--- Data for review Enclosed Below ---
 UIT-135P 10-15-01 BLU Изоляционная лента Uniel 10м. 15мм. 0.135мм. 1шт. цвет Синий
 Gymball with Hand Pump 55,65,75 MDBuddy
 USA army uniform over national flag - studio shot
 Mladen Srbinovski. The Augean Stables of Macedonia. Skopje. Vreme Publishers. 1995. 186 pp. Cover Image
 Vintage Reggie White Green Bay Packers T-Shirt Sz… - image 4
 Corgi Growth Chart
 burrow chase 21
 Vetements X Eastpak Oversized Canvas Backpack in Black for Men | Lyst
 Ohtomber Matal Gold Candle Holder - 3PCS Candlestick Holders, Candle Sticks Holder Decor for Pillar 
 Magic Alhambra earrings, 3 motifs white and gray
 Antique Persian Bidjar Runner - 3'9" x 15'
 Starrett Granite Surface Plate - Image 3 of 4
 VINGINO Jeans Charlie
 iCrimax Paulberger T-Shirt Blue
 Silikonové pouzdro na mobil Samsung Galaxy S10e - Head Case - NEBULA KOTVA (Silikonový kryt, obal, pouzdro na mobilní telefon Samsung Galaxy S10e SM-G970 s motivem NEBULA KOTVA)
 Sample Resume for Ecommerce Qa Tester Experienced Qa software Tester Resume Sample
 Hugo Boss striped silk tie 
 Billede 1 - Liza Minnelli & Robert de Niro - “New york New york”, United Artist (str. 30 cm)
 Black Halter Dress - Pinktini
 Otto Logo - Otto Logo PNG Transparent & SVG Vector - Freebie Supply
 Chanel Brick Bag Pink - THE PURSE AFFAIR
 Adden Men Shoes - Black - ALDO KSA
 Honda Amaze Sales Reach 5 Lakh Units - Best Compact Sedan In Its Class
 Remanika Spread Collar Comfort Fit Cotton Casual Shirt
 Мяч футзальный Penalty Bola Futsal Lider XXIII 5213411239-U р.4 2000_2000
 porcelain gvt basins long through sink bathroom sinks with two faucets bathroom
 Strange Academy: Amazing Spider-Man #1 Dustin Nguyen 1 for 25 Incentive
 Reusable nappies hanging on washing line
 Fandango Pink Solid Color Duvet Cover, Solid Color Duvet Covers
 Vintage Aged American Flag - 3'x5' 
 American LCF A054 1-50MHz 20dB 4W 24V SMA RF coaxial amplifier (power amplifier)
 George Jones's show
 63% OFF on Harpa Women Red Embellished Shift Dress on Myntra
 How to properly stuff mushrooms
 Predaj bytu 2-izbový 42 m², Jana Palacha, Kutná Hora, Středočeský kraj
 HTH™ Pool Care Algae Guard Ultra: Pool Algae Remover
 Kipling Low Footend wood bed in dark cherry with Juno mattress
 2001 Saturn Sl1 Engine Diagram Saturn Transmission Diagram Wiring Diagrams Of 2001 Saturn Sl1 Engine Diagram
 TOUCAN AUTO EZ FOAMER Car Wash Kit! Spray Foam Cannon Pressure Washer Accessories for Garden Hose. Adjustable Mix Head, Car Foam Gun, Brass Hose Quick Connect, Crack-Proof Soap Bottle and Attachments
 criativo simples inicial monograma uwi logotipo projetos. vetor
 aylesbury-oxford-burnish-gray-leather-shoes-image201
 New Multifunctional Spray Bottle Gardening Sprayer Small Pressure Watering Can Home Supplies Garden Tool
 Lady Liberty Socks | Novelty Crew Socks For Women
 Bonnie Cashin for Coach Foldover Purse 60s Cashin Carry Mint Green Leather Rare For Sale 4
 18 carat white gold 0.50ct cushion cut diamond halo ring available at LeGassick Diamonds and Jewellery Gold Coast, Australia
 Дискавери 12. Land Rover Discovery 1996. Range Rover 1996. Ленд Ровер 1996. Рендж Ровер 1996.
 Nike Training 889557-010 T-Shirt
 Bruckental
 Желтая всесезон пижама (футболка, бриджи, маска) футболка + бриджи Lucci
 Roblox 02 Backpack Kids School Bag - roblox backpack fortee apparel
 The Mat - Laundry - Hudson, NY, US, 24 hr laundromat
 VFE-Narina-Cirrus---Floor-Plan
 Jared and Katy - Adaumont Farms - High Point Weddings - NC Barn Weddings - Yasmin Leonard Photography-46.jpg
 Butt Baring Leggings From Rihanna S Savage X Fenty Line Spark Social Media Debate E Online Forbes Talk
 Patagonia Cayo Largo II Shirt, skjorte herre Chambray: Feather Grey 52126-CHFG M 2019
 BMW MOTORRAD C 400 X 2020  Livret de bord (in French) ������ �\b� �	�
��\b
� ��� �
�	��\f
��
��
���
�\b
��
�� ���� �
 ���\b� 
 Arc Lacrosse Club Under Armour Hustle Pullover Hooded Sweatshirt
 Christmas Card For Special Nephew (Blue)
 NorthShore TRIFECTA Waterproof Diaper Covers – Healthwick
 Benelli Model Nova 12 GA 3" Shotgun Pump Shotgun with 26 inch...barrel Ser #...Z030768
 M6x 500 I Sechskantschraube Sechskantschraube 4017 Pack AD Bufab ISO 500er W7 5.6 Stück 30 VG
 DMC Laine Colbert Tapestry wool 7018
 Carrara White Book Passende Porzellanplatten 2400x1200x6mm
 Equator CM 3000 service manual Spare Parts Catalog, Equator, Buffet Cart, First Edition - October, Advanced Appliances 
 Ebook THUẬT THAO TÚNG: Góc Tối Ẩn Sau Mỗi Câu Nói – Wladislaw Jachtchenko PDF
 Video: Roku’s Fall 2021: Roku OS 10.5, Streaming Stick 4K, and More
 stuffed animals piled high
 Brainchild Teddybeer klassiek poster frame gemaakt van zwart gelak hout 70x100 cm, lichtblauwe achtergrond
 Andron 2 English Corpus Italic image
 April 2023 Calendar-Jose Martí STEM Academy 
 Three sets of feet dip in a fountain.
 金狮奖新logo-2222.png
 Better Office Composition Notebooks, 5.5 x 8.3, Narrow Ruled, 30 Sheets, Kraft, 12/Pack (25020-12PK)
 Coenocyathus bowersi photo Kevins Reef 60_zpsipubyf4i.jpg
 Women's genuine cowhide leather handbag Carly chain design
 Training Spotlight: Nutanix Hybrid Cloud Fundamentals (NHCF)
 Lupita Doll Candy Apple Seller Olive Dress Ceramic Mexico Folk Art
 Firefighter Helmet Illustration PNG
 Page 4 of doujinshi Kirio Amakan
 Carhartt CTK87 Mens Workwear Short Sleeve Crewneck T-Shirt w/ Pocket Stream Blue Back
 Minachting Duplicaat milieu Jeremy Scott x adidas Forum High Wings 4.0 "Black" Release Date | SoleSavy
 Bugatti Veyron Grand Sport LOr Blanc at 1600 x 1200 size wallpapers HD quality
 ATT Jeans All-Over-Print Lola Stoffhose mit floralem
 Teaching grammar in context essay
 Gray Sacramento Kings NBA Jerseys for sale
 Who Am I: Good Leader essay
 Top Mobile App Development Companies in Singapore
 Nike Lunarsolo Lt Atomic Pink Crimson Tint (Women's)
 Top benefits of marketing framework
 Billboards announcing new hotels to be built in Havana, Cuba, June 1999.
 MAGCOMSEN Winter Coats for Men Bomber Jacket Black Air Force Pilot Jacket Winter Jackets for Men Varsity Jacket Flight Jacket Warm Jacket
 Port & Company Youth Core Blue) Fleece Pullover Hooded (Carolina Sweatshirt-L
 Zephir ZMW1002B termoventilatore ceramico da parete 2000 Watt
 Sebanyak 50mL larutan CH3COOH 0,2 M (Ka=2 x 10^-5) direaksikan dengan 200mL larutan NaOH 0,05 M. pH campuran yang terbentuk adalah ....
--- End of Enclosed Data for review ---
→ **To do**
Take the first line of the material above as the start and the line that contains "iCrimax Paulberger T-Shirt Blue" as the end. Output only that span, every line exactly as it stands.

→ **Response box**
 UIT-135P 10-15-01 BLU Изоляционная лента Uniel 10м. 15мм. 0.135мм. 1шт. цвет Синий
 Gymball with Hand Pump 55,65,75 MDBuddy
 USA army uniform over national flag - studio shot
 Mladen Srbinovski. The Augean Stables of Macedonia. Skopje. Vreme Publishers. 1995. 186 pp. Cover Image
 Vintage Reggie White Green Bay Packers T-Shirt Sz… - image 4
 Corgi Growth Chart
 burrow chase 21
 Vetements X Eastpak Oversized Canvas Backpack in Black for Men | Lyst
 Ohtomber Matal Gold Candle Holder - 3PCS Candlestick Holders, Candle Sticks Holder Decor for Pillar 
 Magic Alhambra earrings, 3 motifs white and gray
 Antique Persian Bidjar Runner - 3'9" x 15'
 Starrett Granite Surface Plate - Image 3 of 4
 VINGINO Jeans Charlie
 iCrimax Paulberger T-Shirt Blue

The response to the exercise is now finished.